田野战场上。
魔息轰然砸落铠甲表面,炸裂出大片暗红碎光,冲击波向两侧疯狂撕扯,将沈白身后的泥土犁出两道焦痕,碎石与断草卷上半空又簌簌落下。
沈白立在原地,身形纹丝不动,像一截钉入大地的铁桩。
五秒后,魔息枯竭。
裂空魔蝠喉部残存的暗红余烬尚未散尽,它看到毫发无伤的沈白,残翼惊惶地张开,试图后撤拉开距离。
沈白没有给它机会,危机远不止一处,必须速战速决。
他在意识中默念:「进化点加持,200点。」
一股温热从胸腔炸开,沿着经脉灌遍四肢百骸,境界在一息之间从二阶一重层层攀升至二阶三重。
灵力暴涨的瞬间,他踏出一步——脚下土地龟裂,身形如弓弦弹射,燃血术与灵锋术同时运转,戟尖自下而上斜挑,淡金色灵力裹着锋刃,在魔蝠胸前撕开一道深可见骨的豁口。
裂空魔蝠嘶鸣着振翅攀升,他再度踏出一步,借力腾空,战戟高举,淡金色灵力沿龙纹汇聚,与身周暗红的血铠交相辉映。
战戟落下。
魔蝠的身体骤然僵直,一道细线从头颅贯穿而下,随即两半身躯从空中坠落,黑血洒落田野。
沈白落地,确认裂空魔蝠已经死亡,却没有立刻离开。
他看向倒下的四人,左手一挥,四缕金光同时从掌心散出,分别没入方岩、孙尘、李阳、李修命的身体。

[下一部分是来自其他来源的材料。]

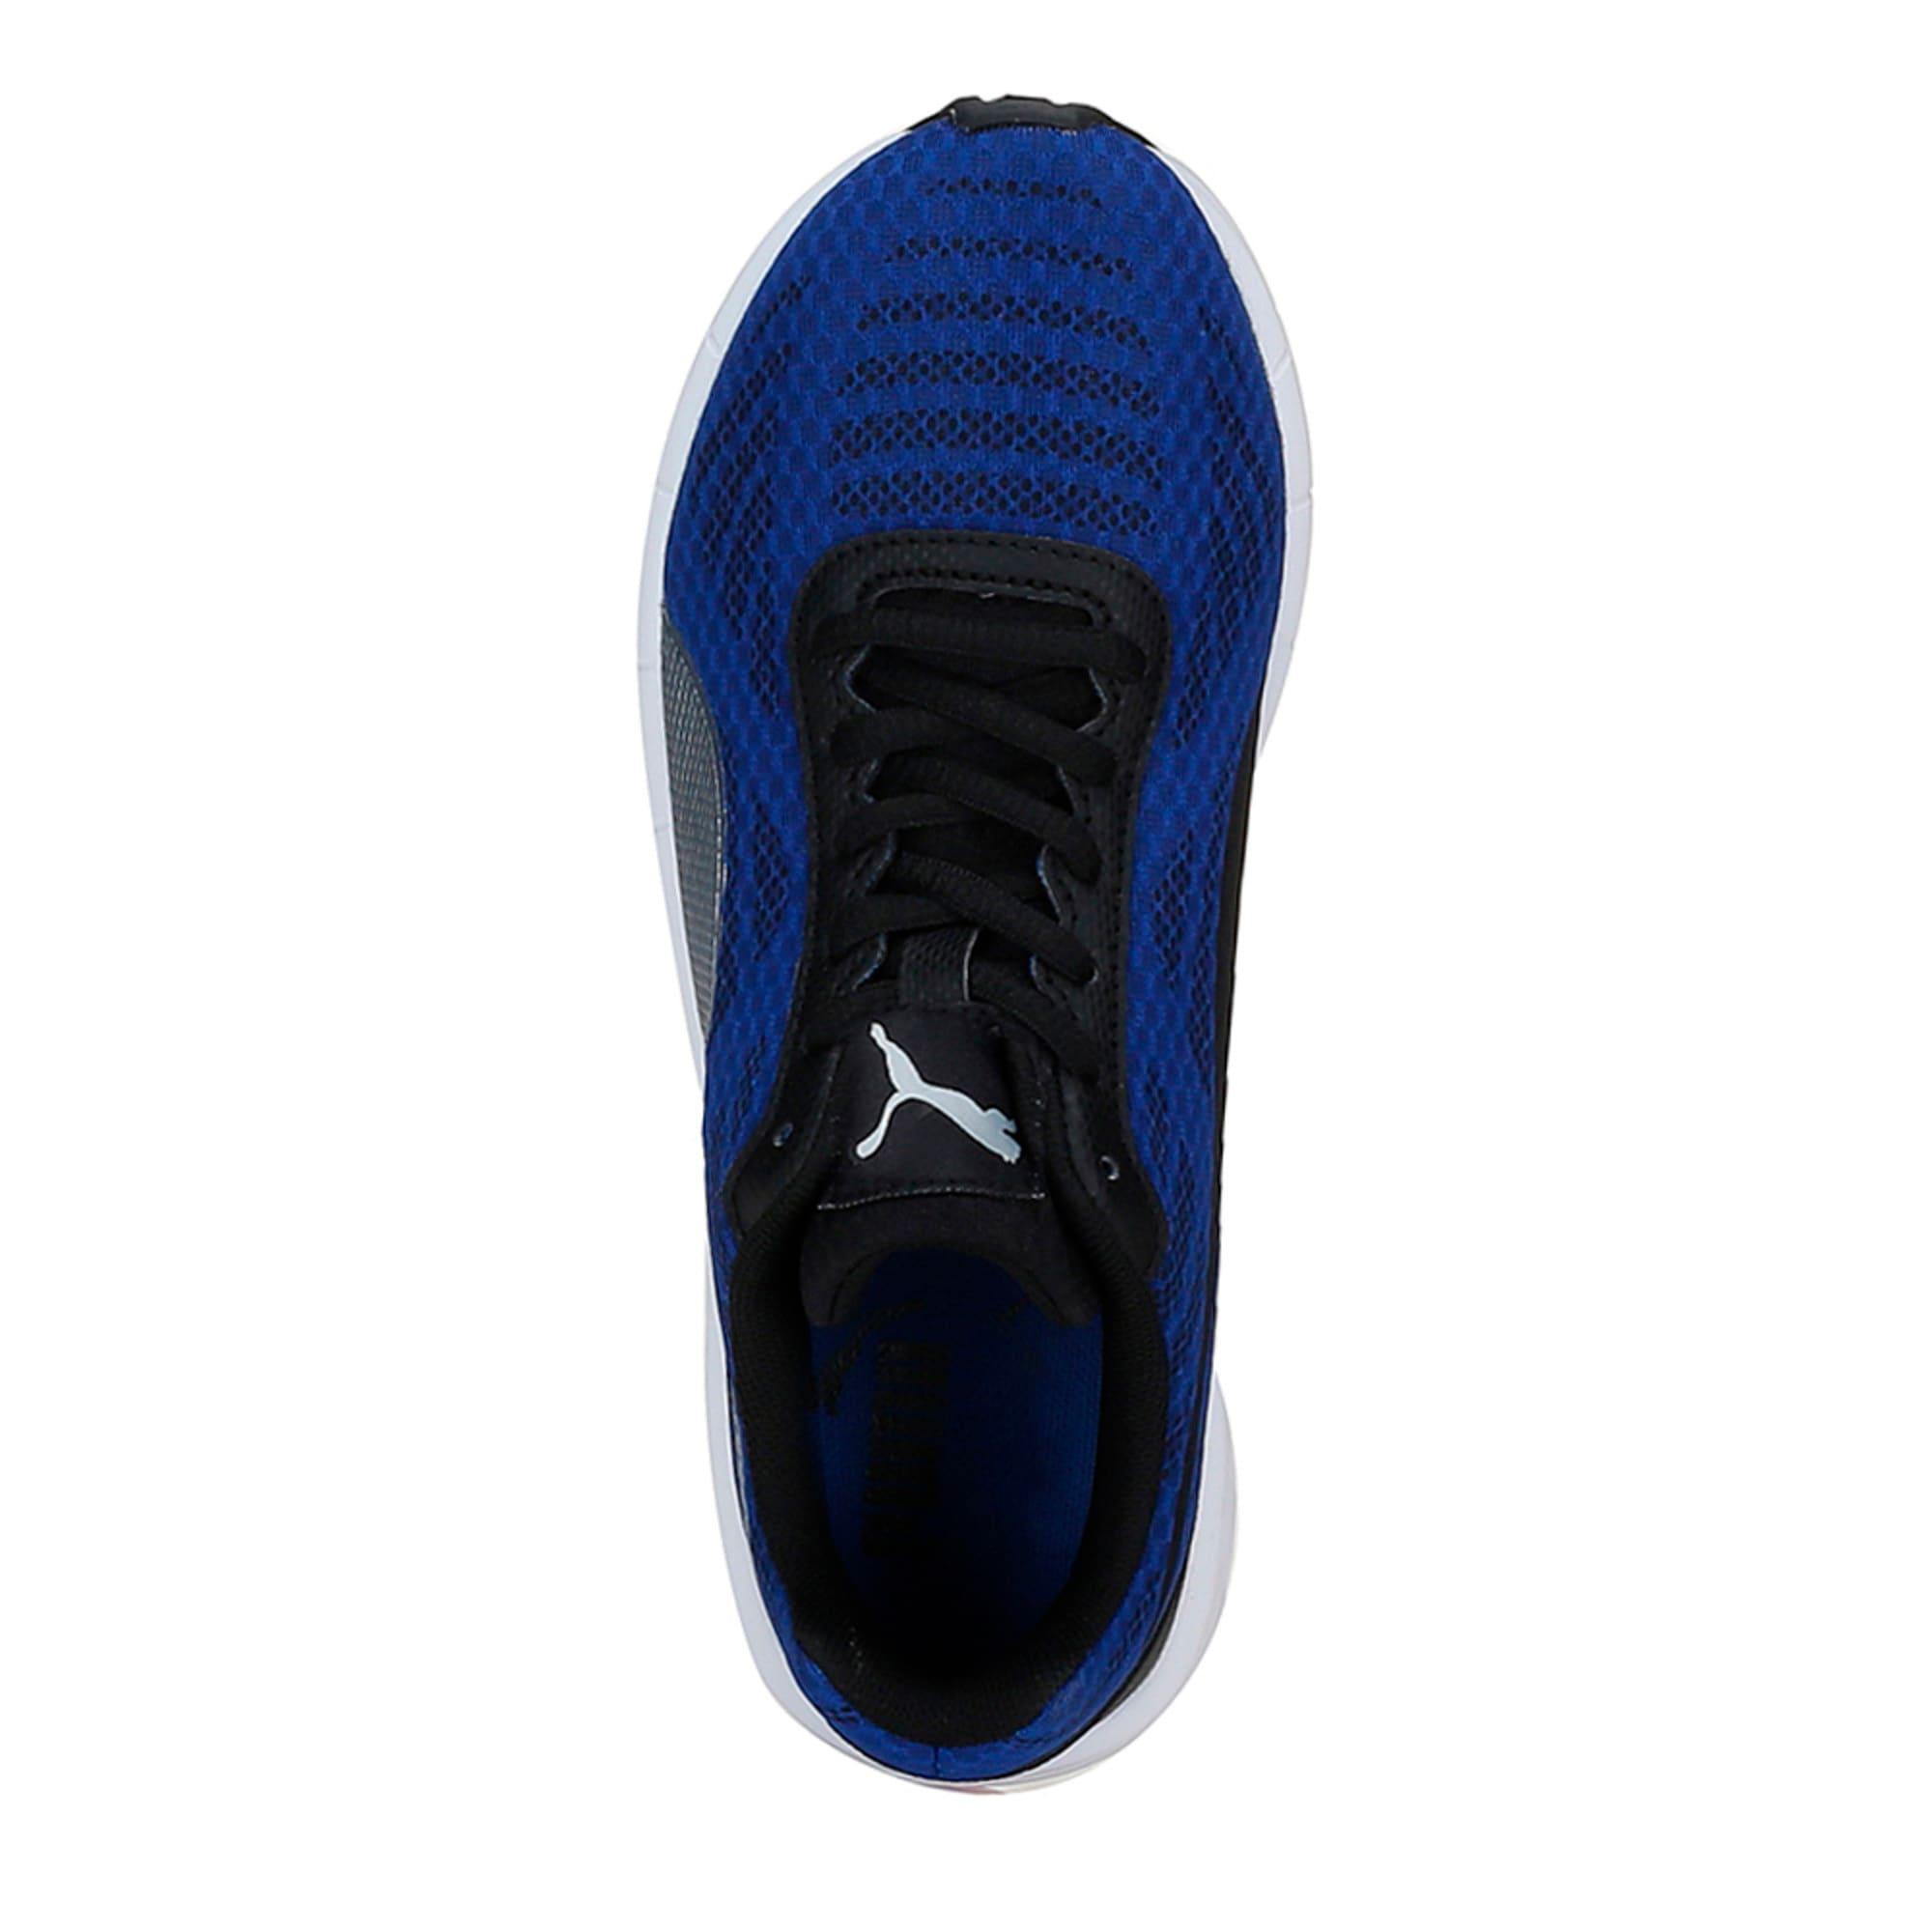 Thumbnail 3 of Meteor Jr, TRUE BLUE-Puma Black, medium-IND

金光入体的瞬间,光芒扩散,覆盖全身,又缓缓敛入皮肤之下。
那是进化点的万物本源之力,虽不能直接治愈伤势,但可以提升万物的本源状态,加速生命自身的恢复过程。
倒在地上的方岩呼吸骤然变稳,他翻了个身,撑着地面站起来,吐出一口浊血,胸口那种被压碎的重压感缓缓消散。
他站稳之后没有看自己的伤,目光越过沈白,落在孟兴身上。
那个十九岁的少年躺在十几米外的泥地里,嘴角还留着一丝几乎看不出来的弧度。
方岩走向沈白,嘴唇翕动,声音沙哑得像从碎石缝里挤出来的:「先知……对不起。我没能护住他。」
沈白站在两步外,血铠正在从肩头一片一片退去,露出下面的作战服。他看着方岩,目光没有责怪。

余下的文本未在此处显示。